始まりの合図と共に、一斉に駆け出す。は、はやい。

「うっわ、なにこれ!」

一番始めに置かれた紙を手にした女子が悲鳴を上げた。ん?
やっと手にした、何故かボールペンがついた最後の紙を裏返す。

「……あちゃー」

見た瞬間、体育委員会の勝ちを悟った。
紙に書かれていたのは数式。しかもこれ、3年の範囲の導関数の応用だ。 こんな意地の悪い問題を出すとは。
周りの子たちも英文やら漢文やらで唸っている。
体育祭とは、クラス別対抗戦でもあるのだが、借り物競走においては ある意味対体育委員の戦いでもある。 体育委員が出しそうな質問を予測してそれに見合ったタイプの子を持ってくる。 単に遠くの物の指定なら運動が得意な子。 知識を必要とするなら勉強が得意な子。 はたまた奇想天外な要求があるときには機転が利く子。
いうならば一種の心理戦だ。
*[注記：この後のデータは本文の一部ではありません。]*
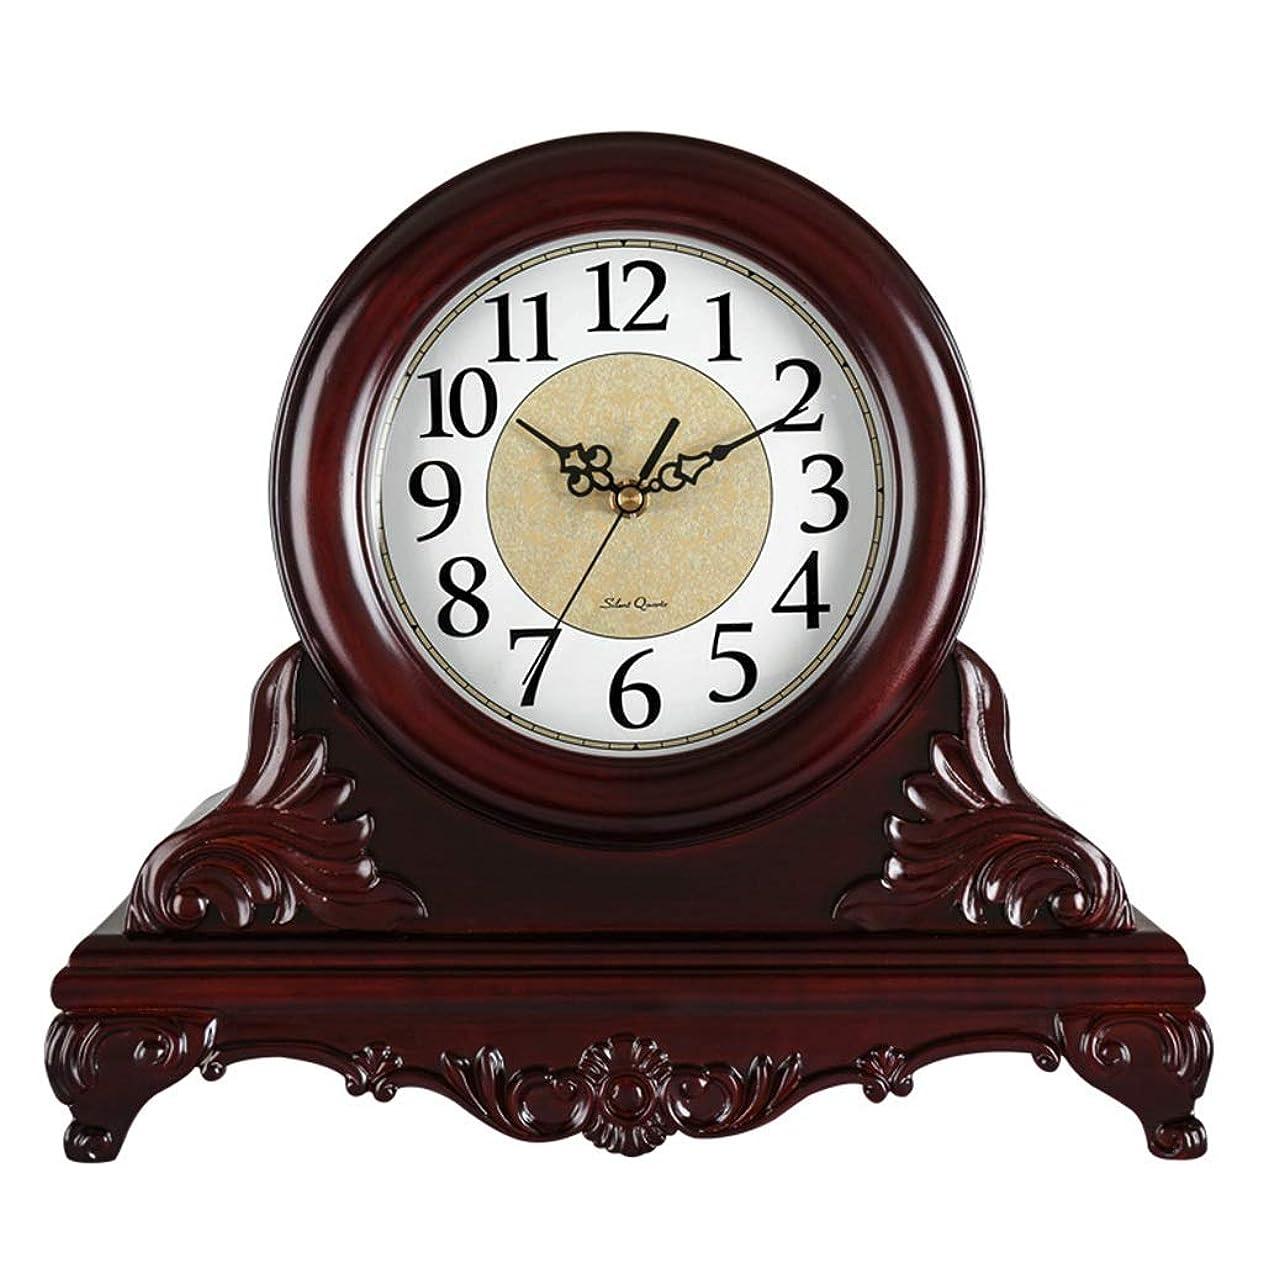 反映する休み巨大WFL クロック リビングルームの寝室のインテリアのためのテーブル時計ヴィンテージデスククロック電池動作非クォーツ時計 最新の (Color : B)

今回は予想した全クラス外れ。 ちなみにFクラスは近年稀に見るやる気がないクラスの集まりだとかで 全くそういった用意はしていなかった。
しかし、これじゃあ私でも歯が立たない。 こんなん下手すれば国立の医学部志望者向けの問題だ。
ただ、やはり誰も解けないことを予想していたのか、数式の下にはもう1つの条件が 書いてあった。

「定年間近の英語教師」

ああ、あのシェイクスピアじじいか!
運動部の子たちは早々に諦めたのか、各々のもう1つの条件に書かれた人物を探しに 散って行った。

「とりあえず探すか」

私はゴールではなくスタジアム内へと通じる通路へと走り出した。 負けてらんない!





群がる女子を避けるために人通りの極端に少ないグラウンドが見えない通路の壁に 背中をつける。 どっとスタジアムが沸く音が聞こえる。 体育祭なんて催しのためによくあんな熱くなれんな。 昨晩の徹夜が祟った左肩の痛みを緩和するために右手で押さえつけていると、 慌ただしい足音が聞こえた。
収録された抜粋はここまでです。